◆ **Provided data**
==============================
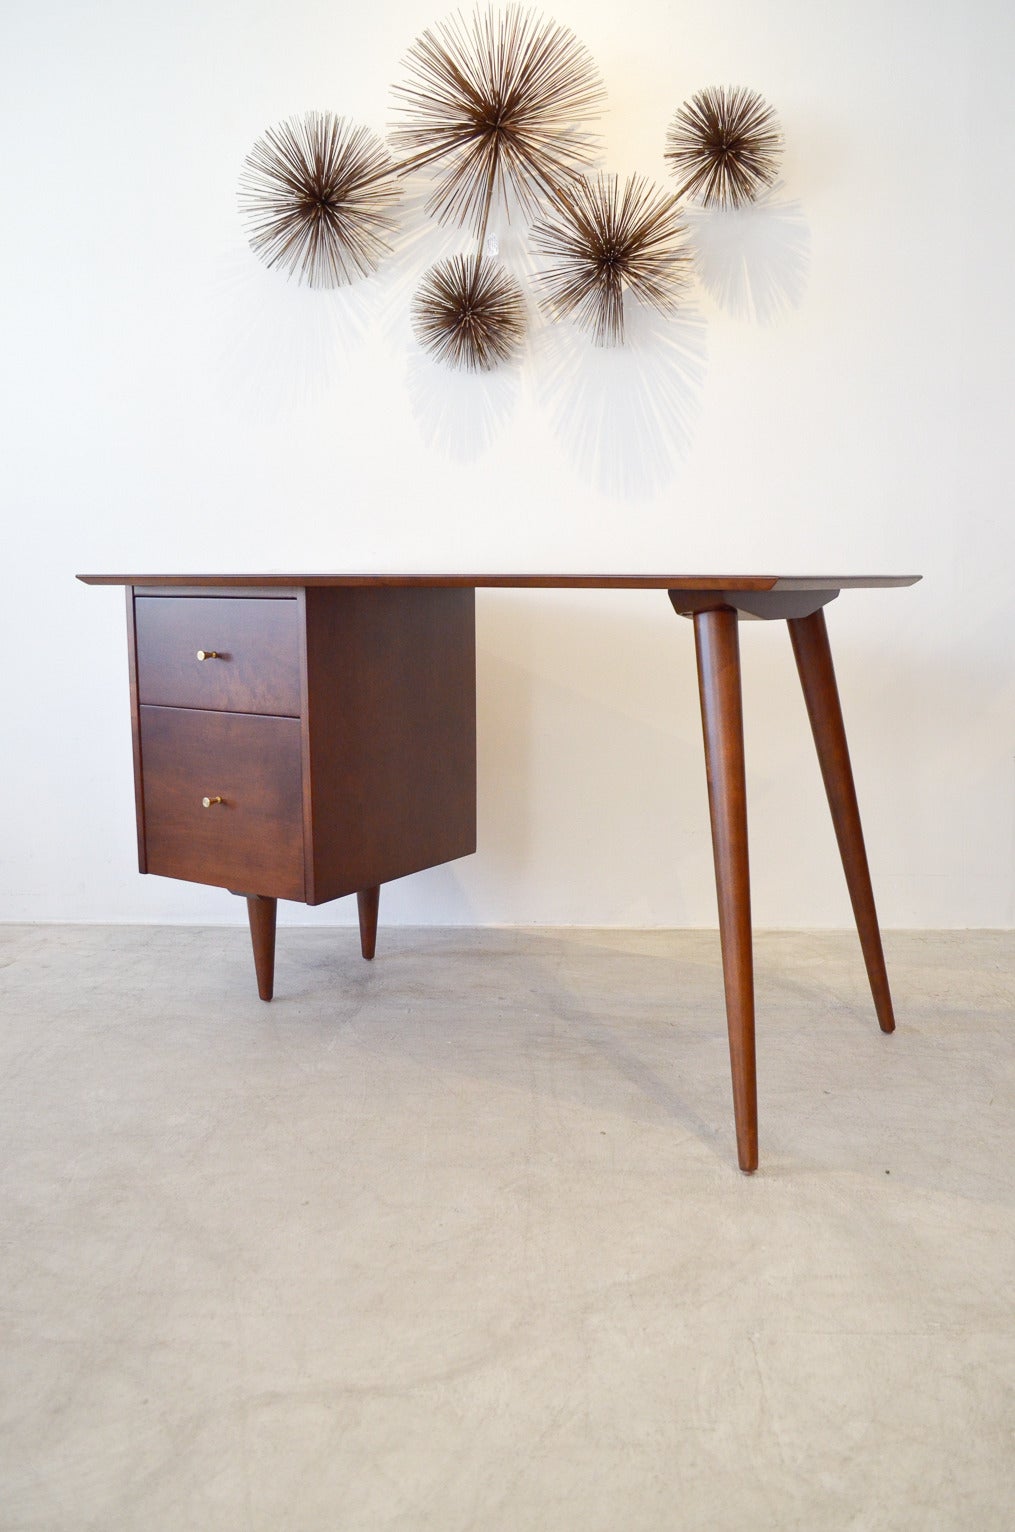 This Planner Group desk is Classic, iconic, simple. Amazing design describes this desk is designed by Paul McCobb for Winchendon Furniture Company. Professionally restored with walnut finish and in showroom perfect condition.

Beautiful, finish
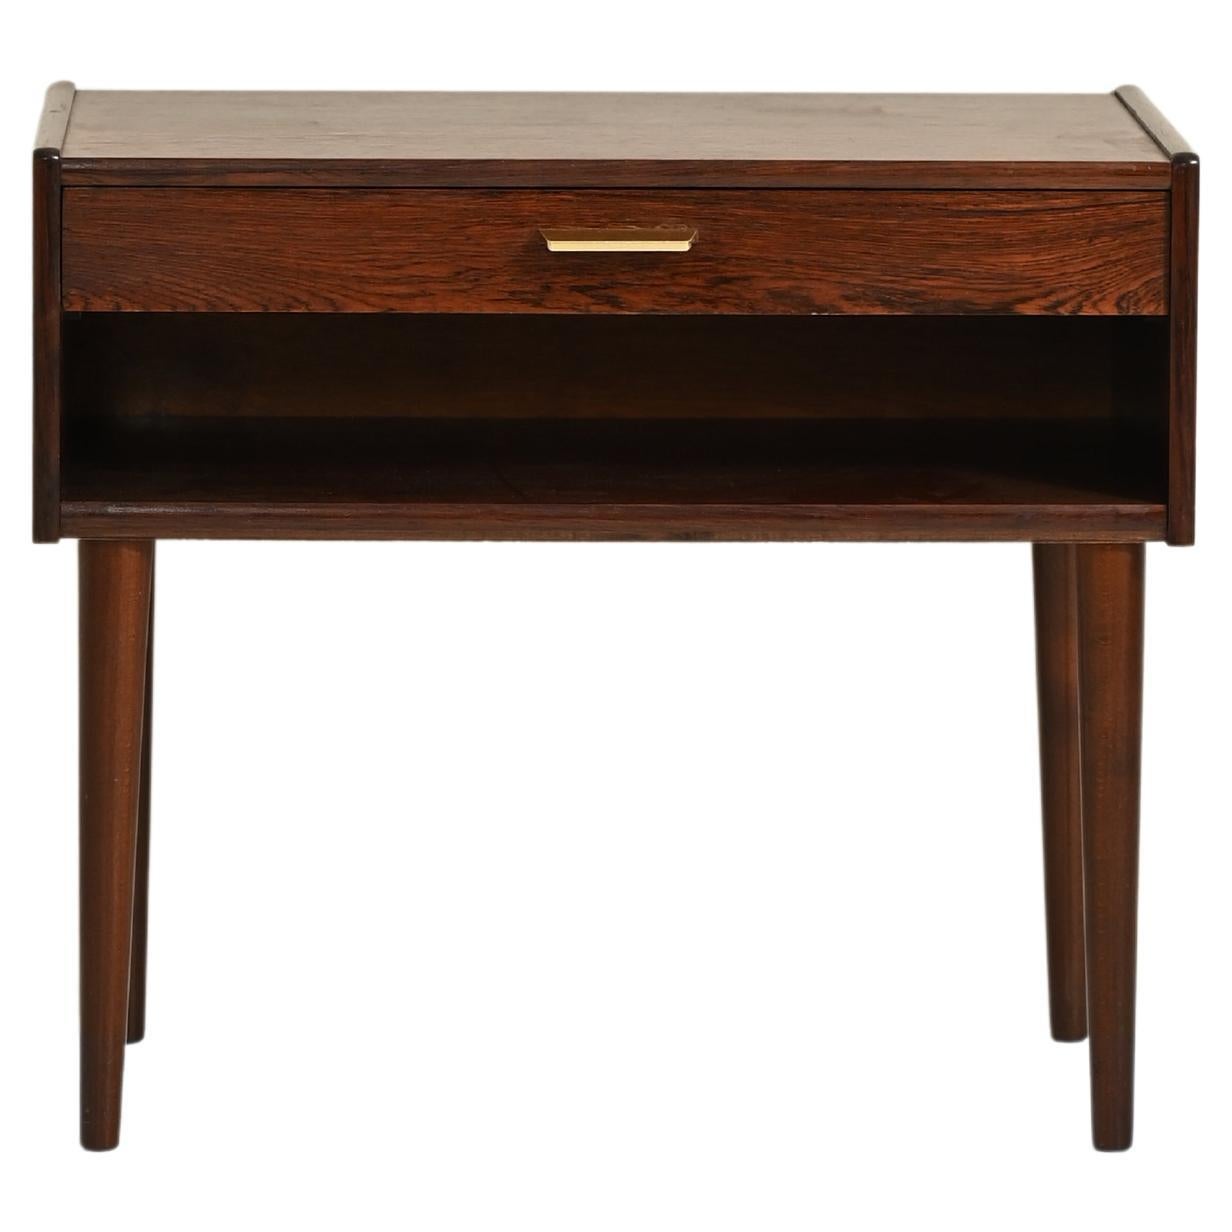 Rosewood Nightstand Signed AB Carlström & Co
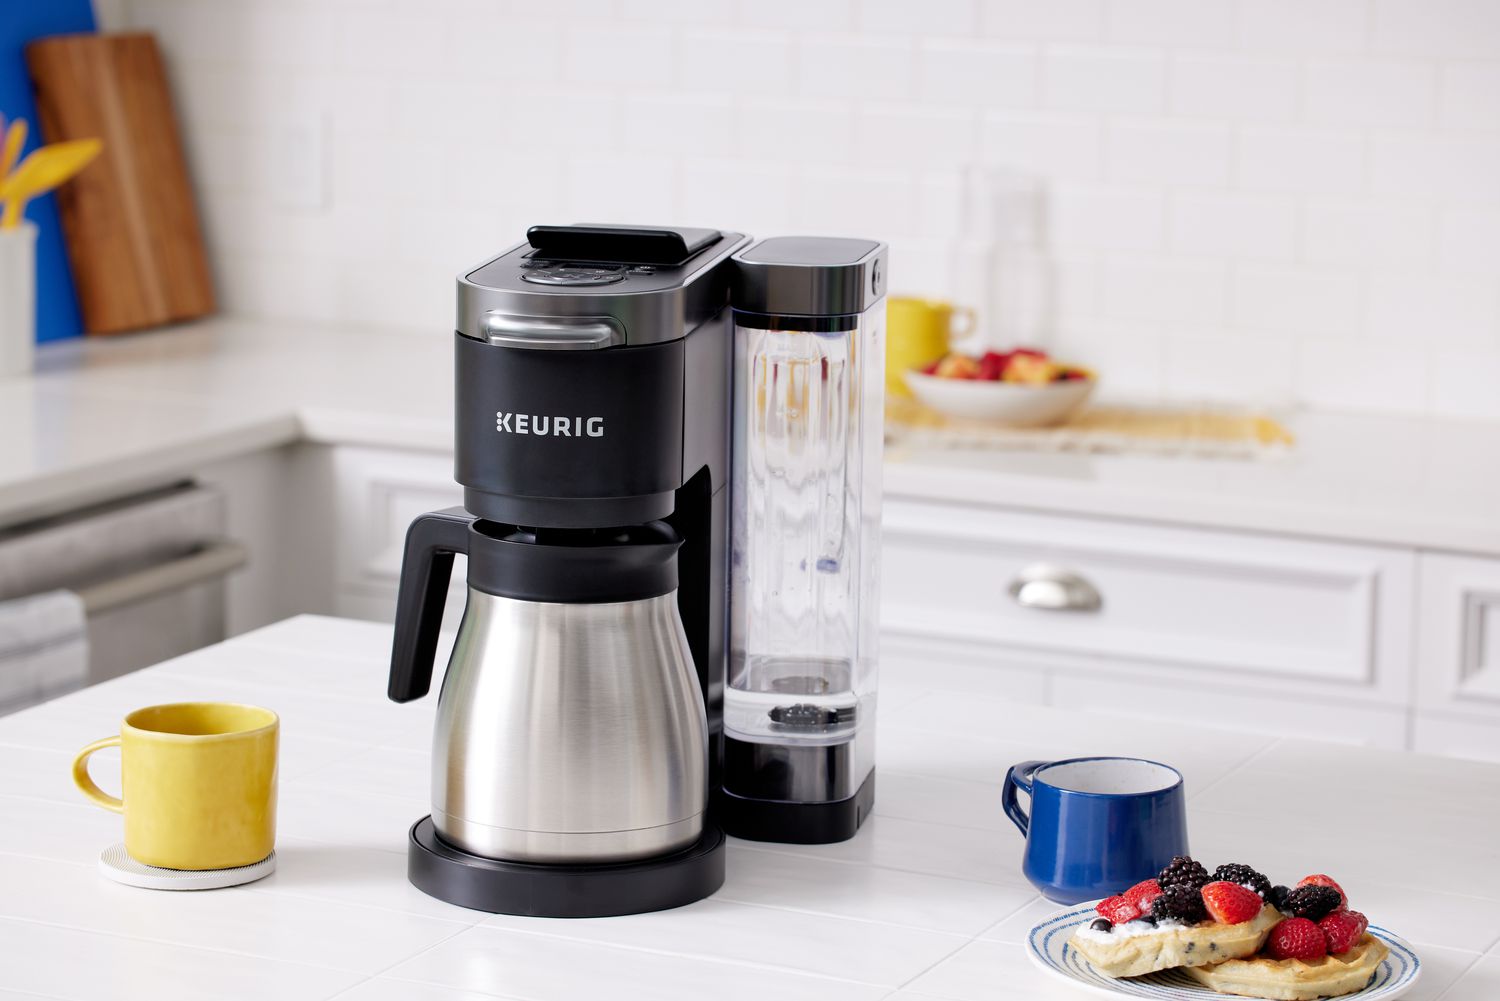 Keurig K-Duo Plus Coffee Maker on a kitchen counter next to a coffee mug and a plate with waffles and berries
==============================
Leave out the pictures and copy the rest of the material above exactly.

◆ **Output below**
 This Planner Group desk is Classic, iconic, simple. Amazing design describes this desk is designed by Paul McCobb for Winchendon Furniture Company. Professionally restored with walnut finish and in showroom perfect condition.

Beautiful, finish
 Rosewood Nightstand Signed AB Carlström & Co
 Keurig K-Duo Plus Coffee Maker on a kitchen counter next to a coffee mug and a plate with waffles and berries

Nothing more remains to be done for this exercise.